Right, but this is only one program out of an infinite number of programs that actually, can always use the entire length of the infinite tape.

For example, on a Turing machine, I can write a non-terminating program that advances the tape one step, then goes back to the beginning of the tape, reads or writes something for the entire existing length of the tape, then advances the tape one more step, and loops forever doing this. This program requires truly infinite storage (in the mathematical sense) and it would not be possible for this program to succeed executing forever unless the tape length is truly infinite.

Of course, in the real world nothing would execute forever (actually, it could if the program runs on multiple computers), but when we prove things about programs we are only concerned with modeling the behavior of a program in an ideal (and hopefully, functionally representative) model.

The problem I have is that the Turing machine is not functionally representative of what computers can do. A finite-sized model such as a deterministic finite-state machine or a deterministic linear bounded automaton, on the other hand, is functionally representative of what computers can do, even if it has an incredibly huge but finite tape length.

This is why Turing equivalent computation is considered more powerful than that which finite-sized models can do (although ironically, it has more limitations) and it’s why I argue that Turing equivalent computation or anything more powerful should be considered hypercomputation.

Note that this does not prevent us from creating Turing-complete programming languages and creating programs written in those languages as a simplification, which allows us to express programs with Turing-equivalent computations. But the model we use to analyze the execution of those programs should represent what computers can do.

If you want, you can still use a Turing machine to analyze the execution of programs, but if you do this, you should be aware that the conclusions you extract may be absurd, so don’t mislead everyone into thinking that these conclusions apply to realistic computation devices (i.e. those with a finite size).

Given the rate of growth in cloud storage versus the speed of a computer, the ‘tape’ length can be increased faster than it can be consumed by a single machine, which makes it equivalent to a Turing machine tape.

No, it does not, because there is one very crucially important difference: cloud storage cannot keep increasing forever (and I mean forever in its true sense). That is the difference between “something grows so big that I cannot even imagine its size, but it will reach a point where it doesn’t grow anymore so it is still finite” and “truly mathematically infinite”.

If we actually used a machine model with a hugely, hugely big tape (say, with a tape length as large as the number of atoms in the universe), but it was still finite, rather than a Turing machine where the tape is mathematically infinite, then all of the problems I mentioned would disappear! The halting problem would be considered decidable, Rice’s theorem would be considered false, we could always compute the busy beaver function, etc.

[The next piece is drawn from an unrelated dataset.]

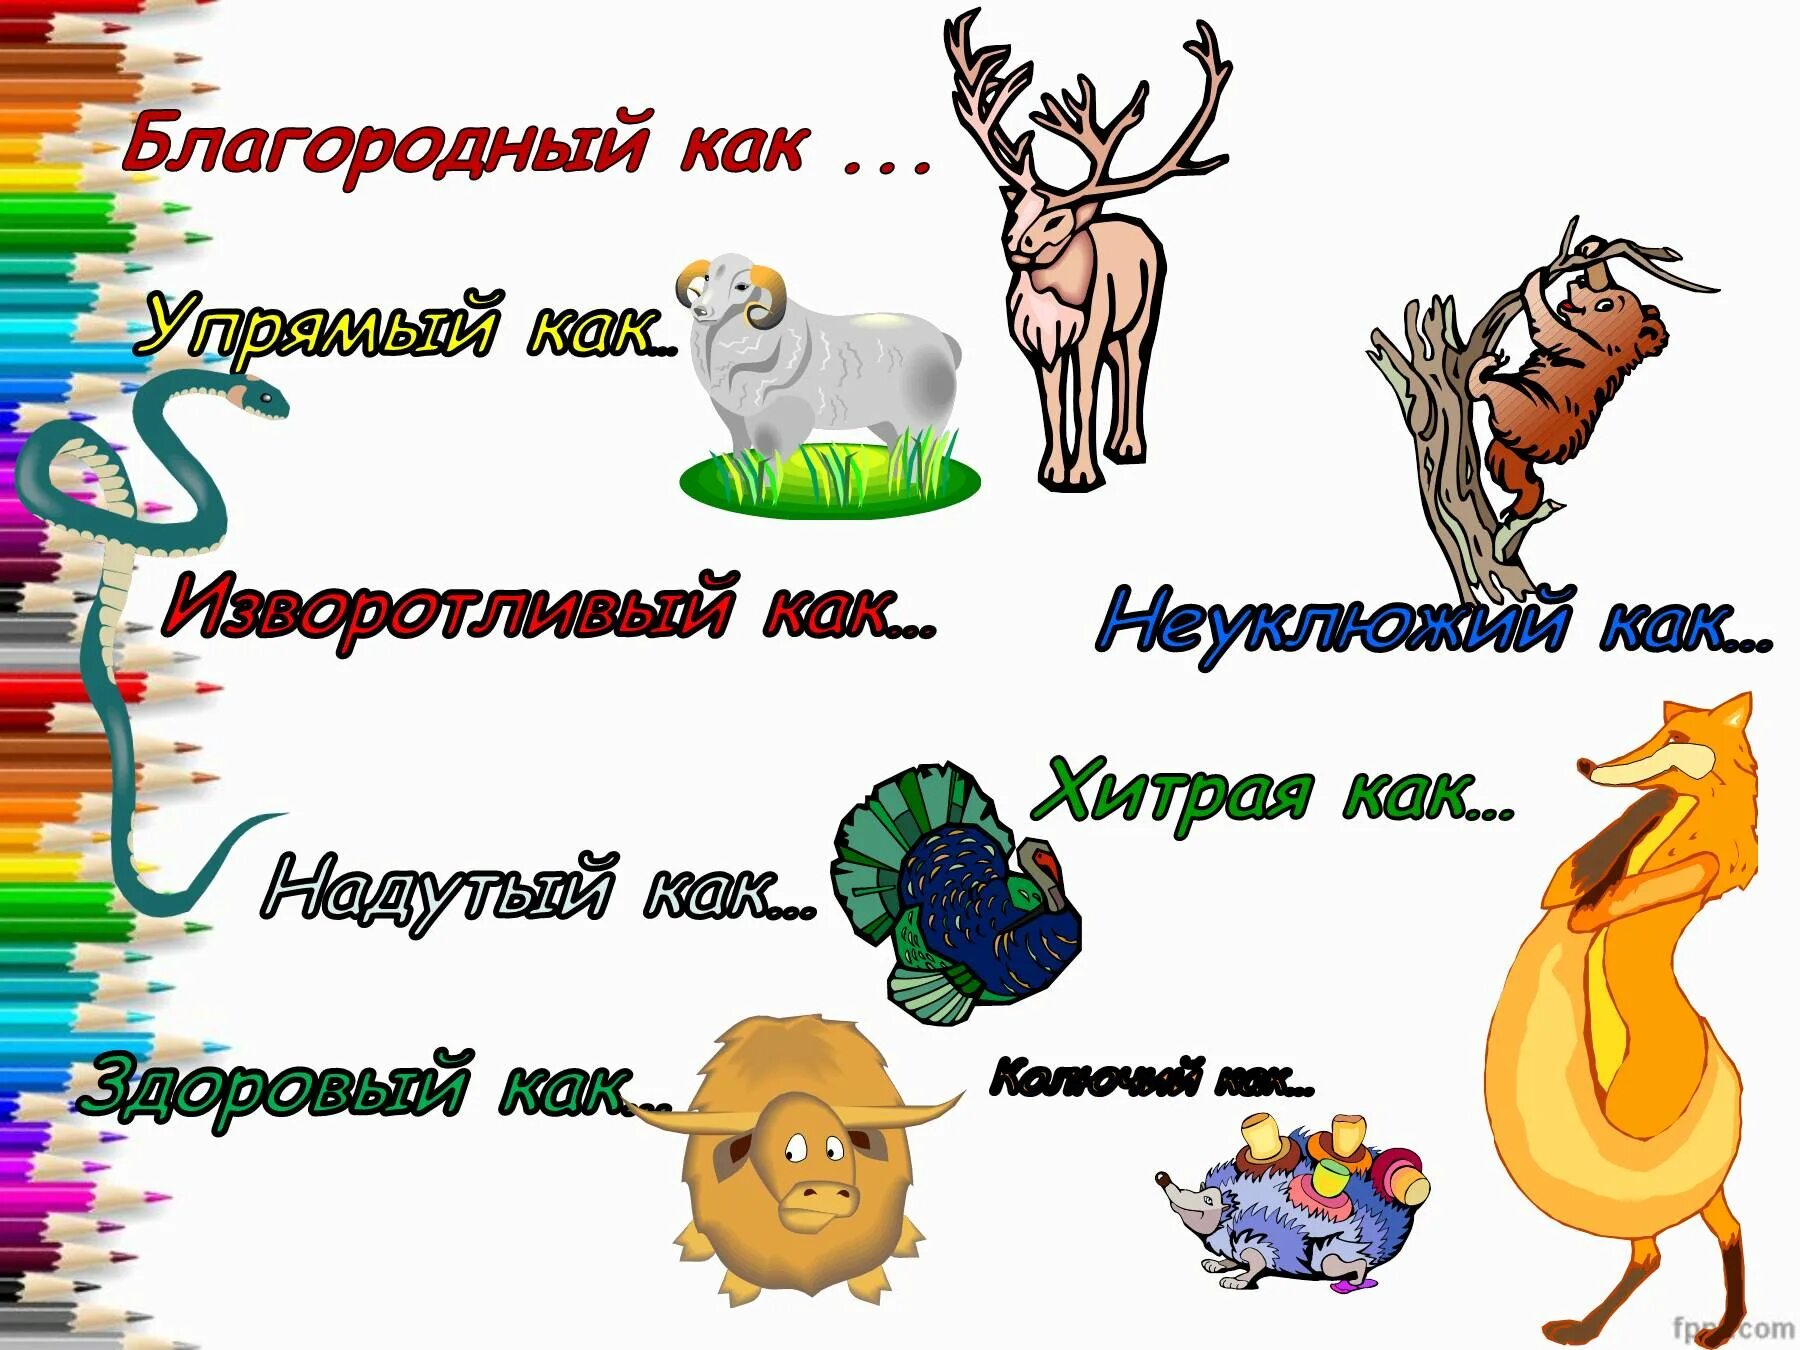 3 класс русский язык прилагательное презентация

Note, however, that there is a difference between computable functions and efficiently computable functions (i.e. whether they complete in a reasonable amount of time), and this is true whether a model has an infinite tape or a finite one. There is also a difference between efficiently computable functions and their time complexity, which can be (but not always are) very different. So strictly speaking these are all different issues and they would have to be analyzed separately.

This then leads to more interesting economic questions than the pure theoretic computer science termination questions: can this computation be completed before I run out of money (or, more often, before I exhaust my users’ attention span).

Sure, but this also assumes a model with finite size (even if it can be very large), which leads to the answer being computable.

It seems like you are arguing for the same thing I am: that we should use a model with finite bounds, even if we use a bound so large that it is hard to comprehend. Unfortunately, this is not what we are doing currently, which leads to all sorts of paradoxes and mistaken conclusions about the kind of computation that is possible to do in our universe.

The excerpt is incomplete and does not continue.